Uncertainty has become so great as to render futile, if not counterproductive, the kind of planning most companies still practice: forecasting based on probabilities.

Unique events have no probability. Yet executives have to make decisions that commit to the future current resources of time and money. Worse, they have to make decisions not to commit resources—to forgo the future. The lengths of such commitments are steadily growing: in strategy and technology, marketing, manufacturing, employee development, in the time it takes to bring a new plant on steam or in the years until a commitment to a store location pays for itself. Every such commitment is based on assumptions about the future. To arrive at them, traditional planning asks, “what is most likely to happen?” Planning for uncertainty asks instead, “What has already happened that will create the future?”
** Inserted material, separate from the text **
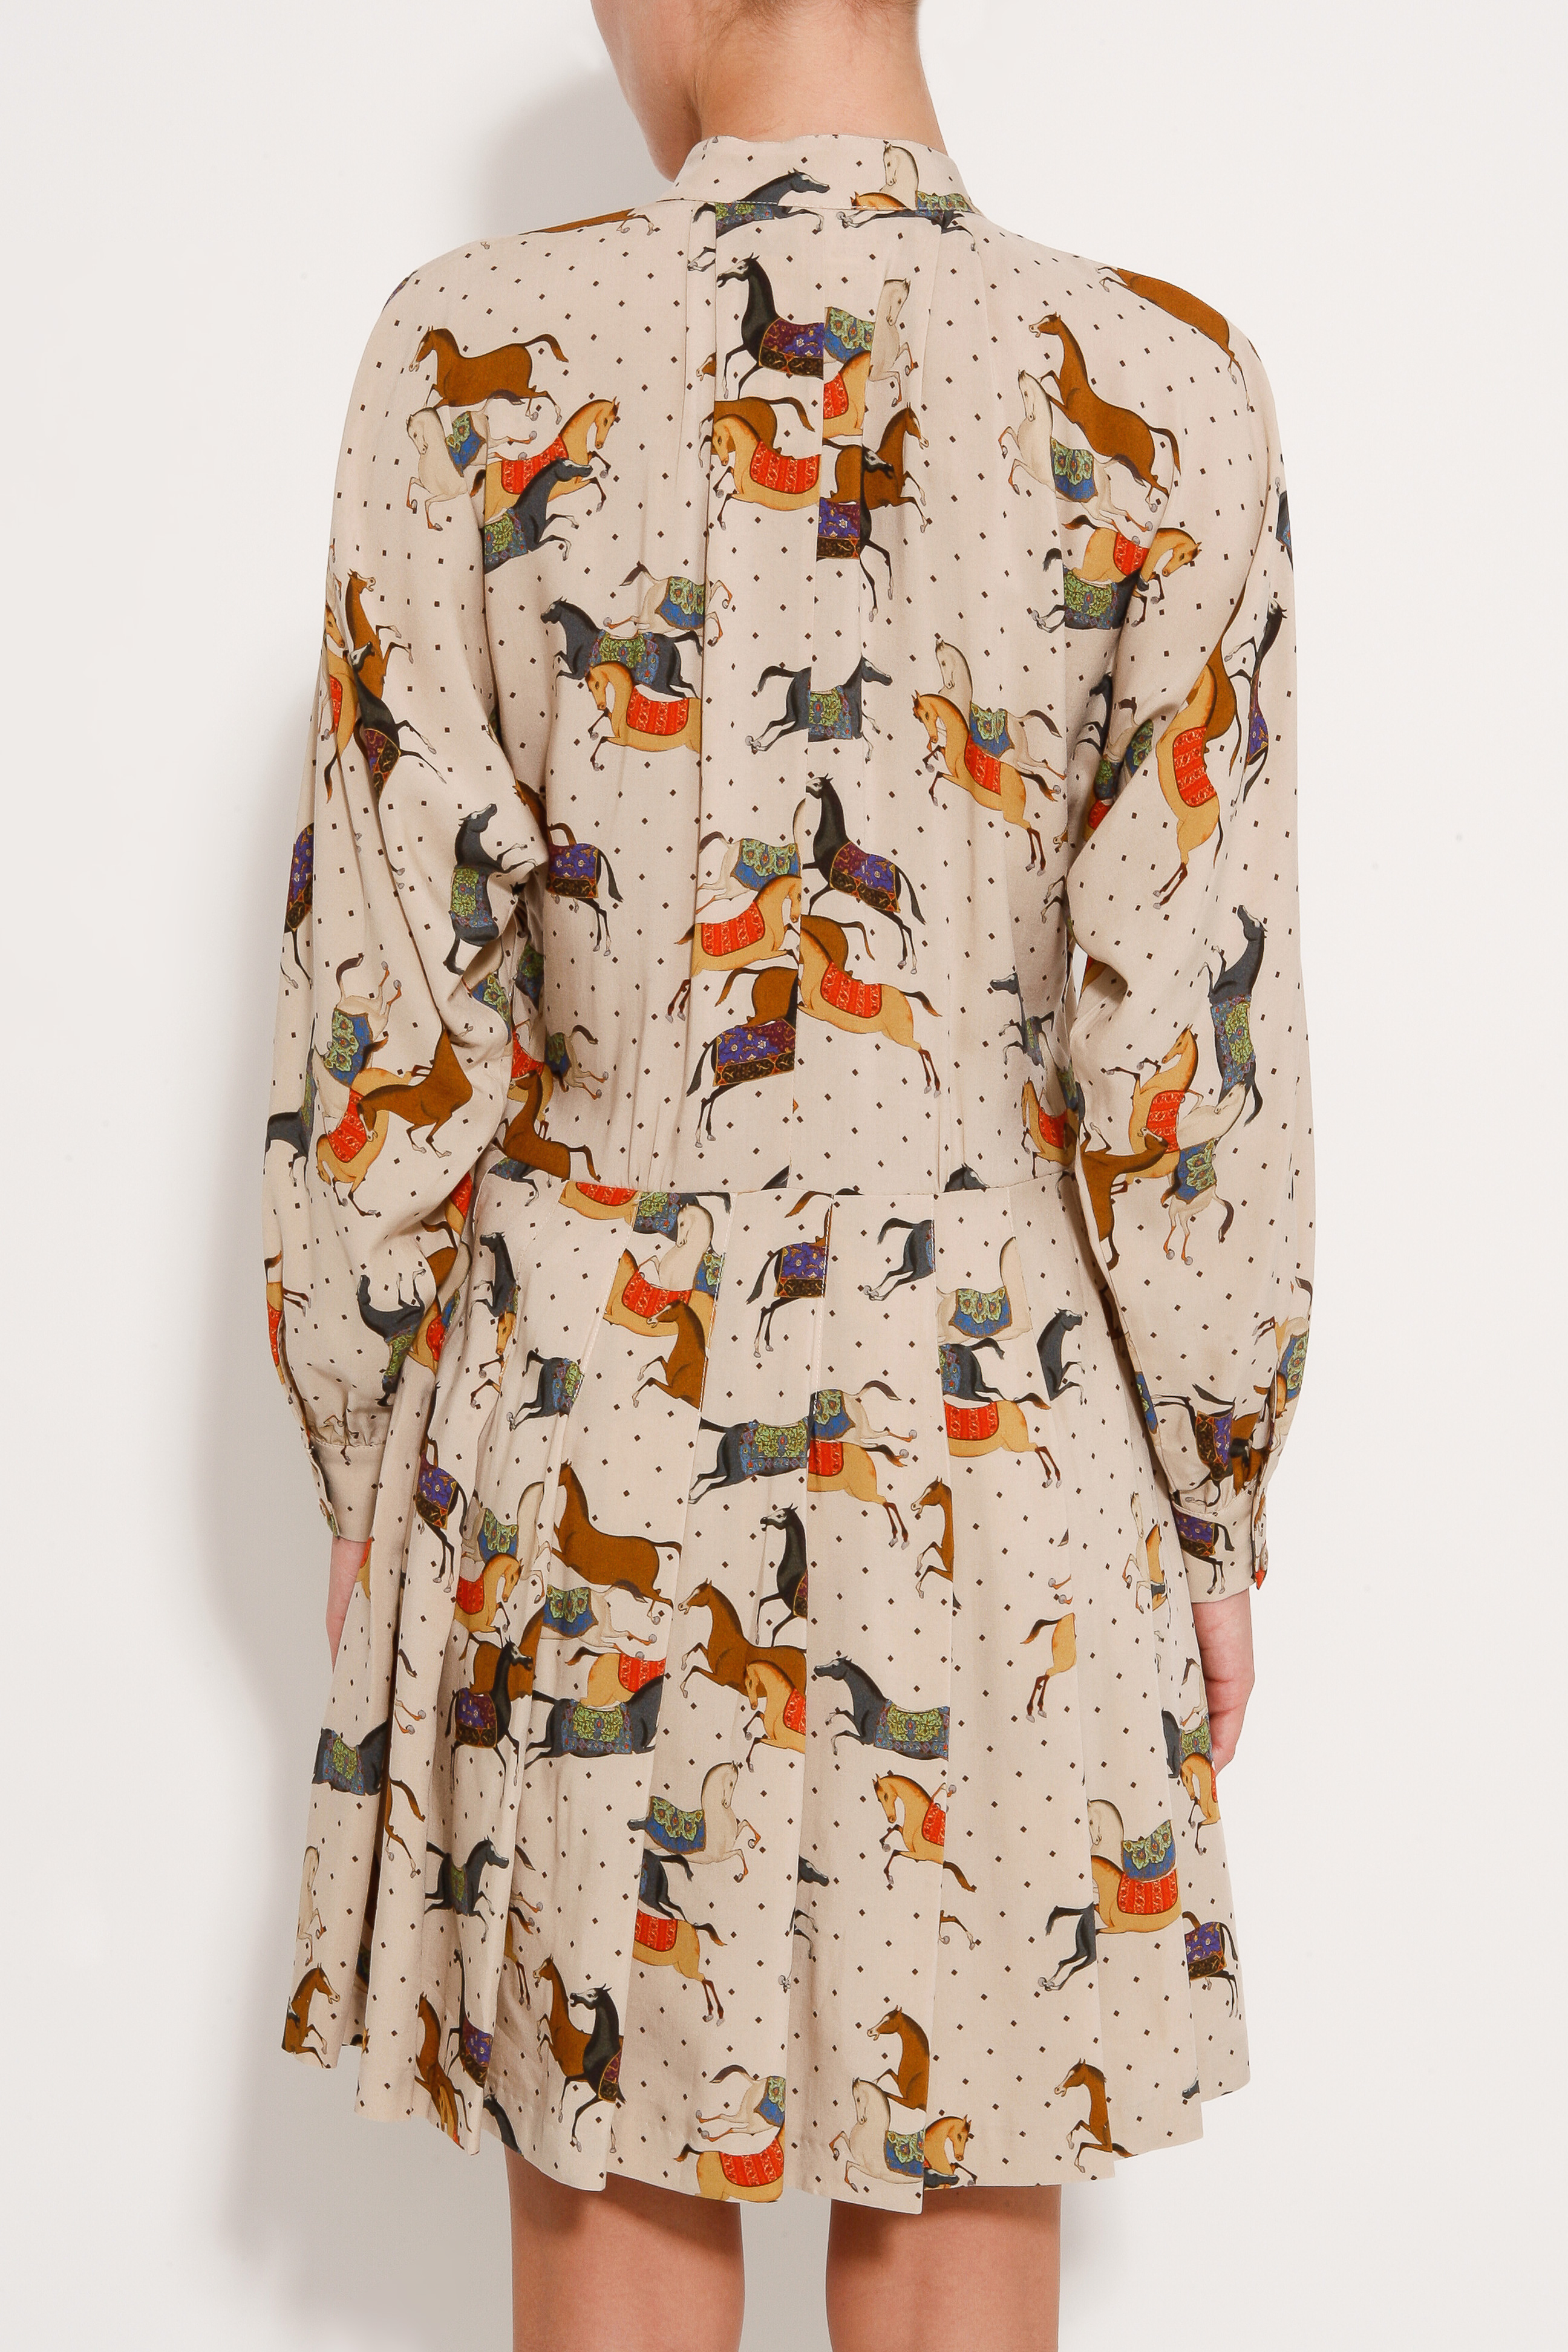 Paul Amp Joe Horse Print Dress In Beige Natural Lyst
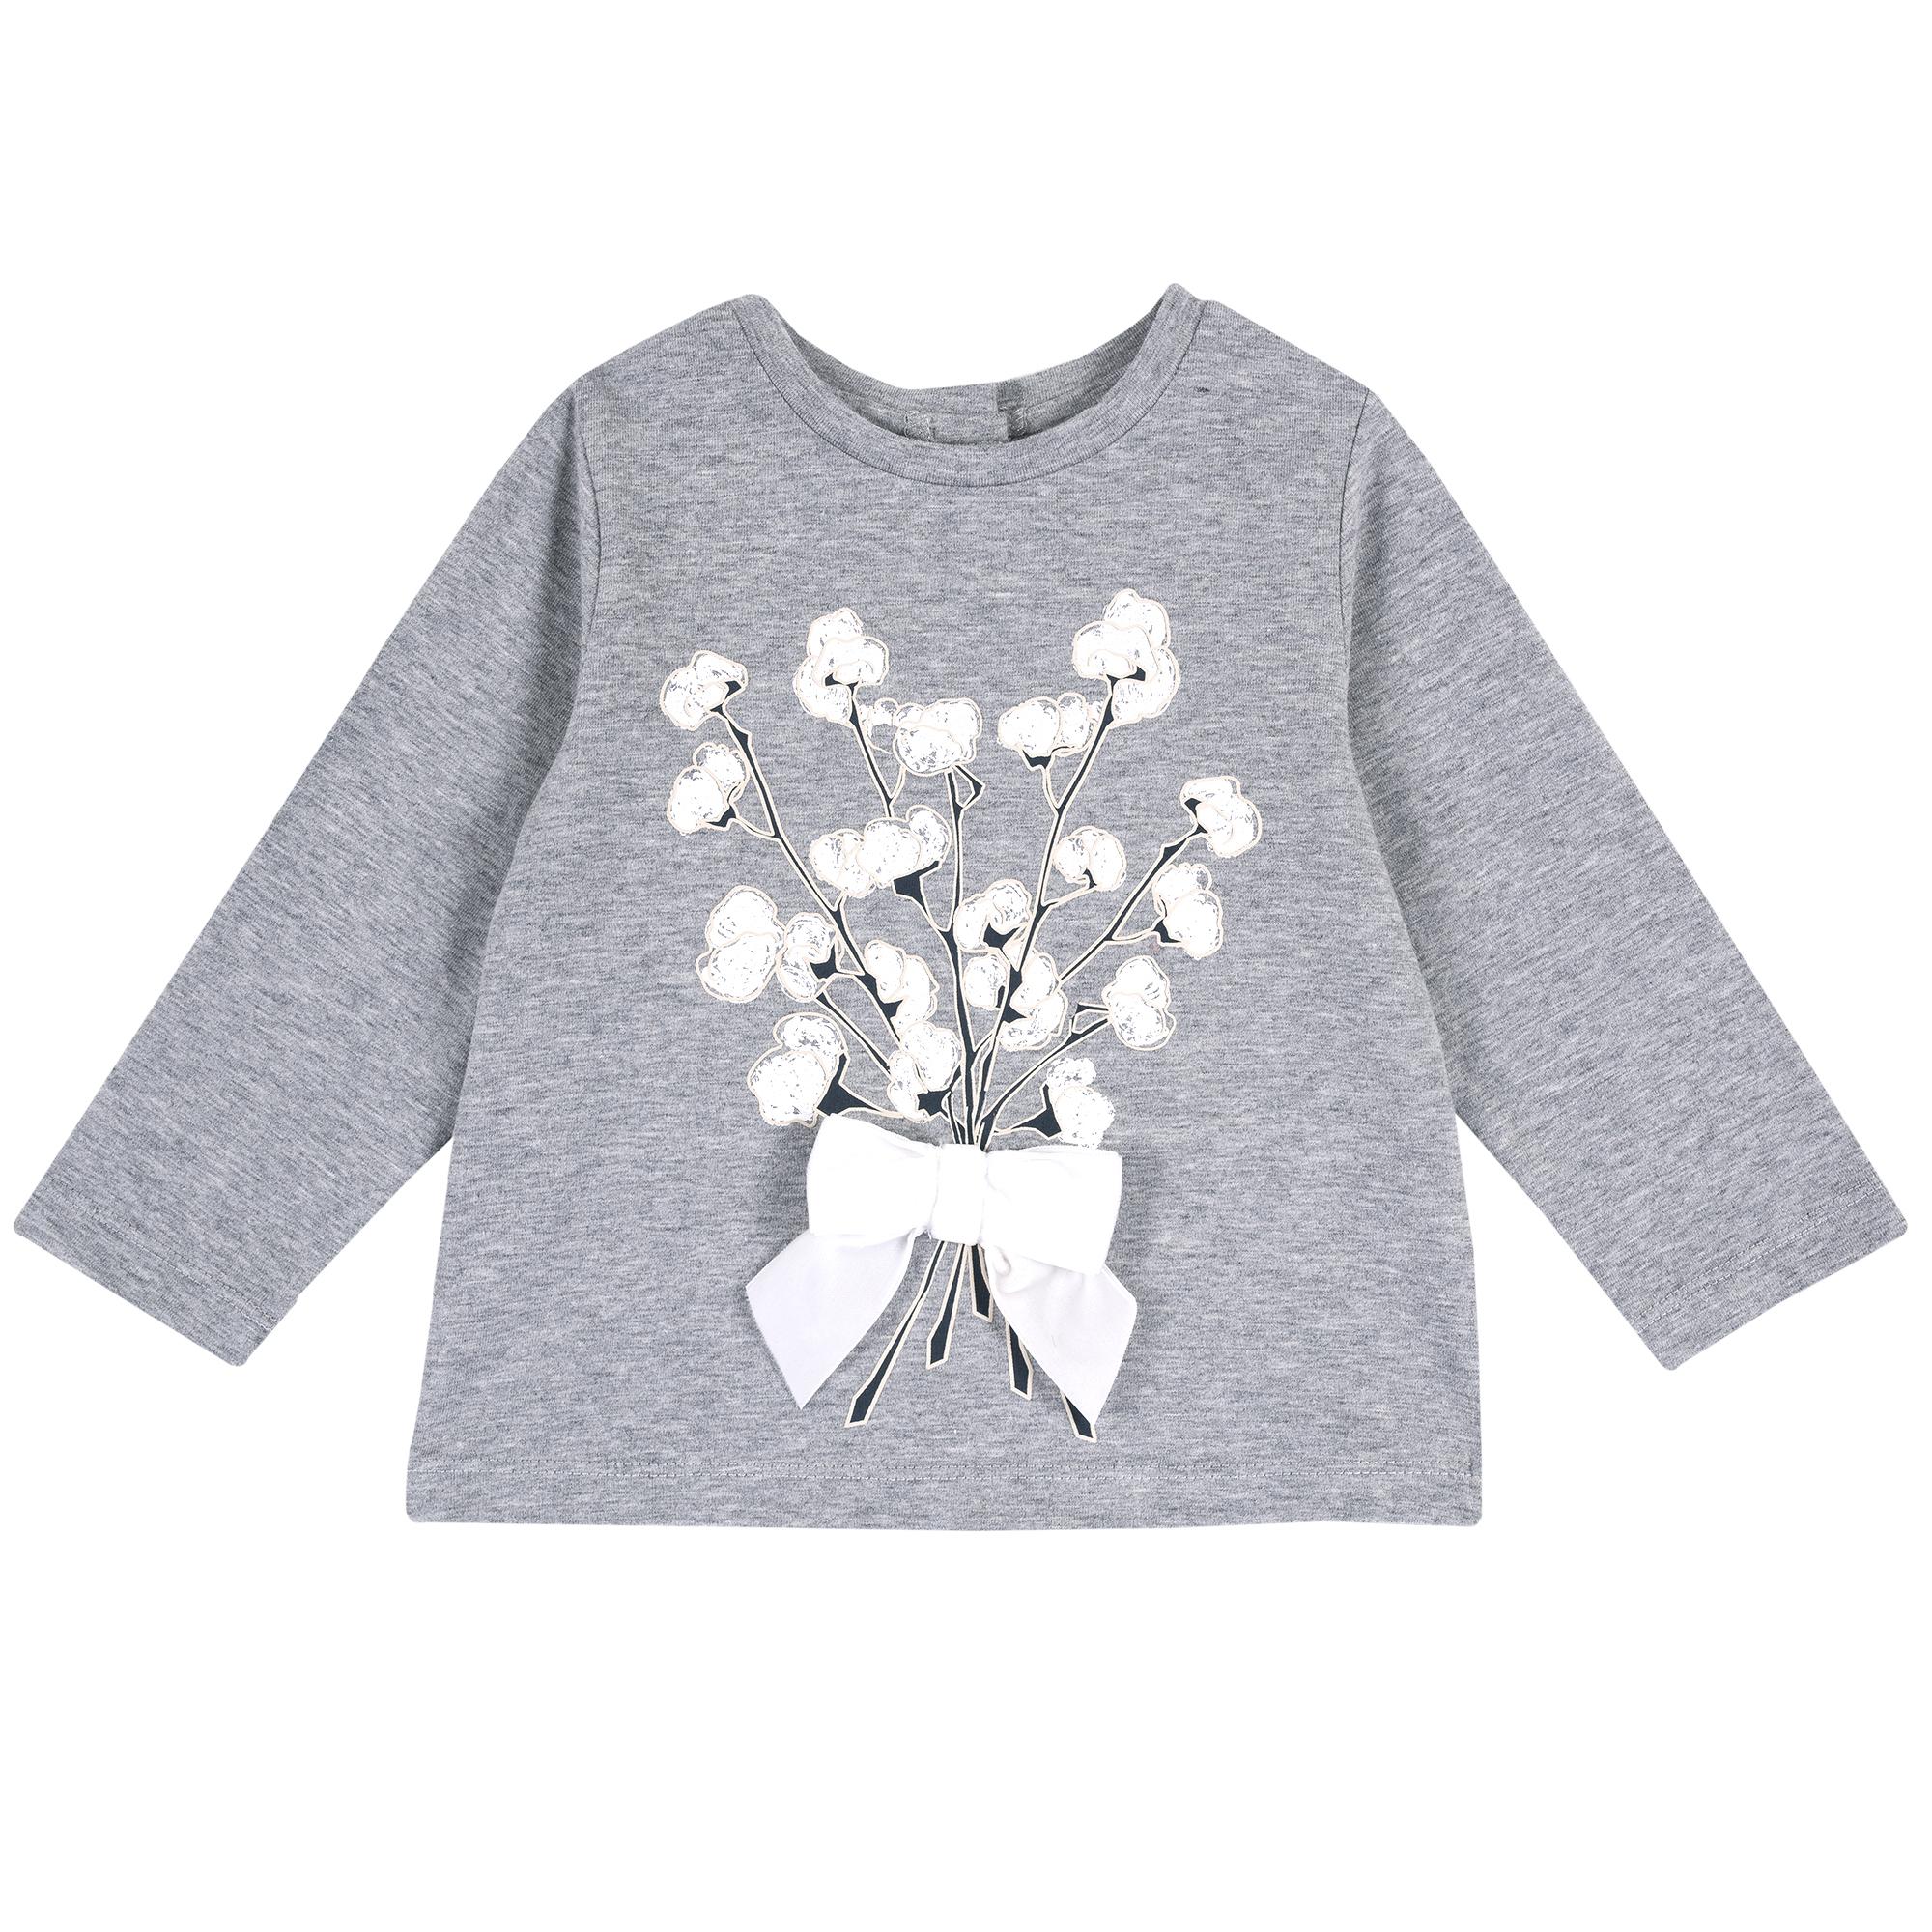 Tricou copii Chicco, maneca lunga, imprimeu flori de bumbac, 06808 din categoria Tricouri copii

The first place to look is in demographics. There have been two revolutionary changes in the workforce of developed countries: the explosion of advanced education and the rush of women into careers outside the home. Both are accomplished facts. The shift from blue-collar labor to knowledge and service workers as the centers of population gravity is irrevocable. But so is the aging of both the workforce and population.

Business people need to ask: “What do these accomplished facts mean for our business? What opportunities do they create? What threats? What changes do they demand in the ways the business is organized and run, in our goals, in our products, in our services, in our policies? And what changes do they make possible and likely to be advantageous?”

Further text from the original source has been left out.